Simply put, most Americans want access to reliable, affordable and increasingly sustainable power. Yes, we're all worried about national security. We're also concerned that the burden and benefit of a new energy plan be shared equitably among the various regions of our country. But consumers are tired of promises for the distant future. We don't want to try to plumb more than a thousand pages of strategy to discern what the goal might be for tomorrow. We want a comprehensible plan for the here and now.

In recent years there has been a tectonic shift in our energy usage as our country trends away from fossil fuels in favor of "natural" energy, such as wind and solar. If we are to focus on these types of God-given energy sources, we need to go to our energy rather than have our energy come to us, as we do with fossil fuels.
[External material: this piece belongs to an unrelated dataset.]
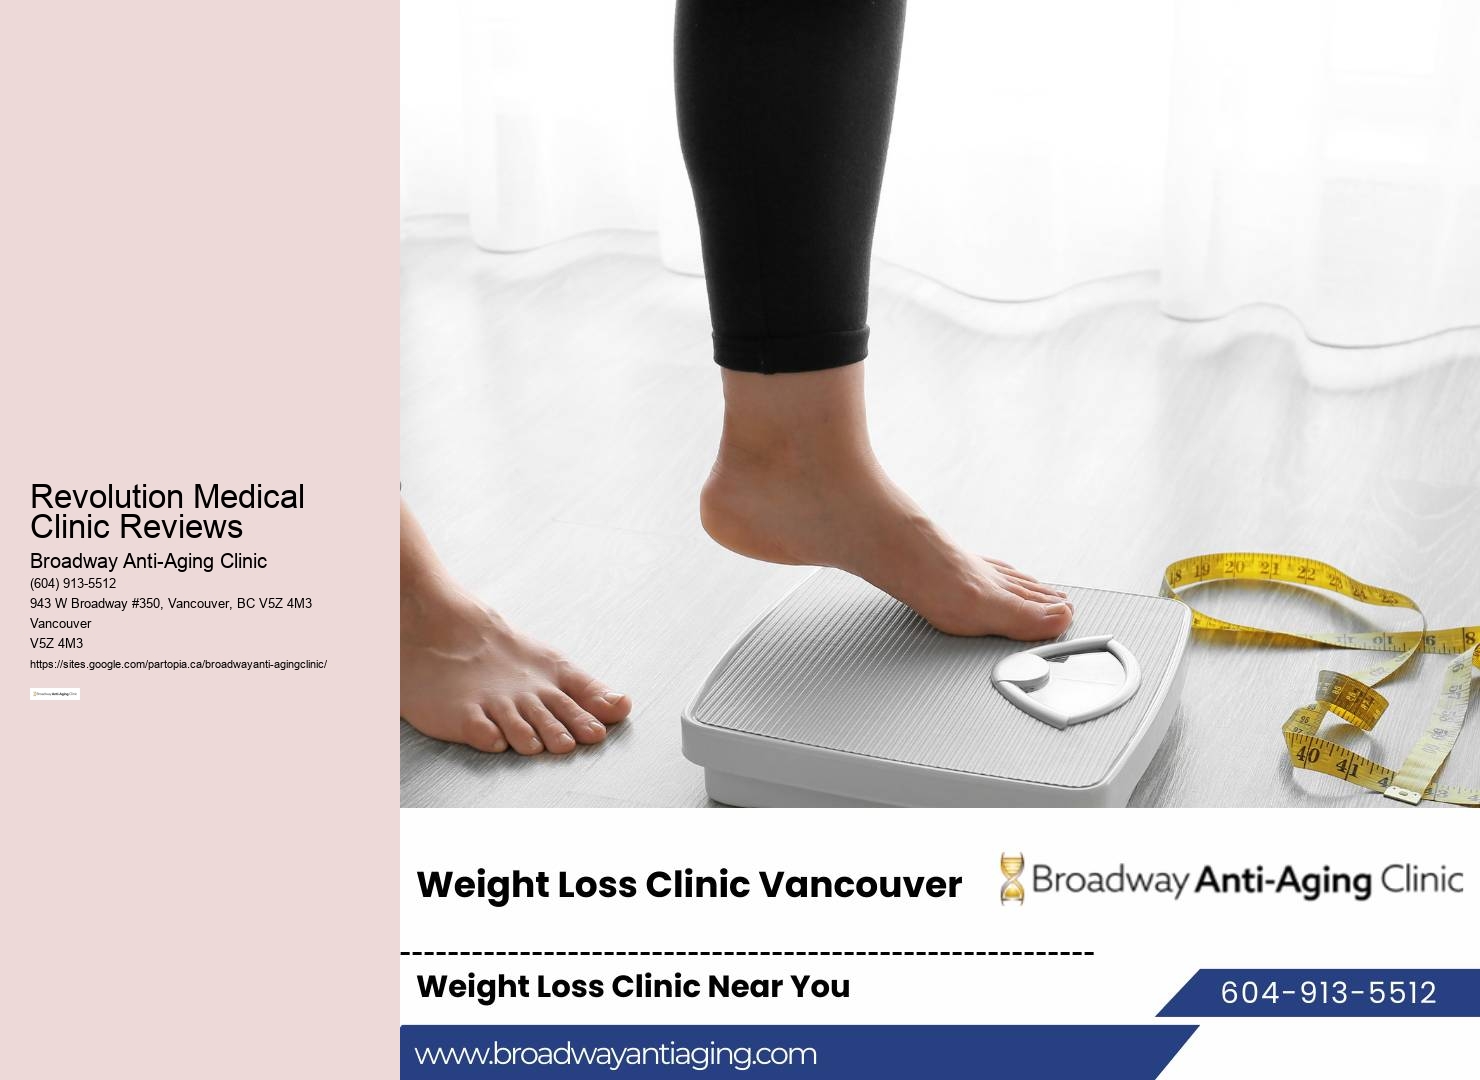 Vancouver Weight Loss Program Clinic

A progressive, pragmatic energy plan would focus on taking the first steps toward national energy sustainability. It would start with technologies that are ready for large-scale deployment but are concentrated on regions where they can be demonstrated and deployed at scale to their best advantage. Consider what could happen if we focused on these five goals:

The West gets the sun. Al Gore's vision of a Sonora Desert covered in a 90-square-mile sea of solar thermal mirrors powering the entire country is admirably visionary, but transmission constraints would make this more practical, at least in the near term, at the regional level. So let's set aside an area and get started. California provides sufficient scale; its peak electricity demand is coincident with sunlight, and it is only 250 miles from the Sonora Desert into the heart of the Southern California population center.

-- The Midwest gets the wind. Wind is the predominant renewable in the United States today, but for it to be a major factor in the energy mix of the future we need to tap into the wind resources of the upper Great Plains states, which are currently stranded. To date, the focus has been on getting wind resources from places like southeastern Wyoming to California. Instead, let's take wind from the Dakotas and feed it into Chicago. It is 1,100 miles from Cheyenne, Wyo., to Los Angeles, but only 600 miles from South Dakota to Chicago.

-- The South gets nuclear. Democratic policymakers have focused like lasers on wind, solar and efficiency. They need to recognize that the South, still one of the nation's most economically dynamic growth areas, lacks suitable wind and solar resources. The geology of much of the Southeast is not well-suited to sequestering the carbon emissions that must be captured by truly "clean coal." On the other hand, the populace of the South (and that includes Texas) is generally comfortable with nuclear power, and its incumbent utilities are deeply experienced in nuclear operations. Nuclear energy should be the "renewable of the South."



-- The Northeast gets the electric car. The Northeast generally lacks good onshore wind and sun power options, as well as public acceptance for nuclear plants. So let's exploit its singular competitive advantage relative to the rest of the country -- the proximity of its population centers to each other. An electric car with a 250-mile range wouldn't make it from Los Angeles to San Francisco, but it would make it from New York to Boston. For real progress, we need to build an infrastructure for the electric car in a few parts of the country. Let the Northeast be a lead "test" region.

-- Pursue "clean coal" as a national priority. We must set as a national priority -- perhaps a "national project" -- the demonstration and large-scale deployment of "clean coal." All of the zero-carbon regional solutions described above, if forcefully implemented, could have a meaningful impact on U.S. carbon emissions, but only "clean coal" can actually capture the enormous carbon emissions from the new coal plants coming on line in China and India. It comes down to a mathematical certainty: We cannot solve global warming through clean coal alone; but without clean coal, we simply cannot solve global warming.

This regionally focused "here and now" energy plan would get us started quickly and on the right foot. What are we waiting for?

The writer is president and chief executive of NRG Energy, a Princeton, N.J.-based wholesale power producer that owns and operates numerous generation facilities, including wind and nuclear, and is developing solar power.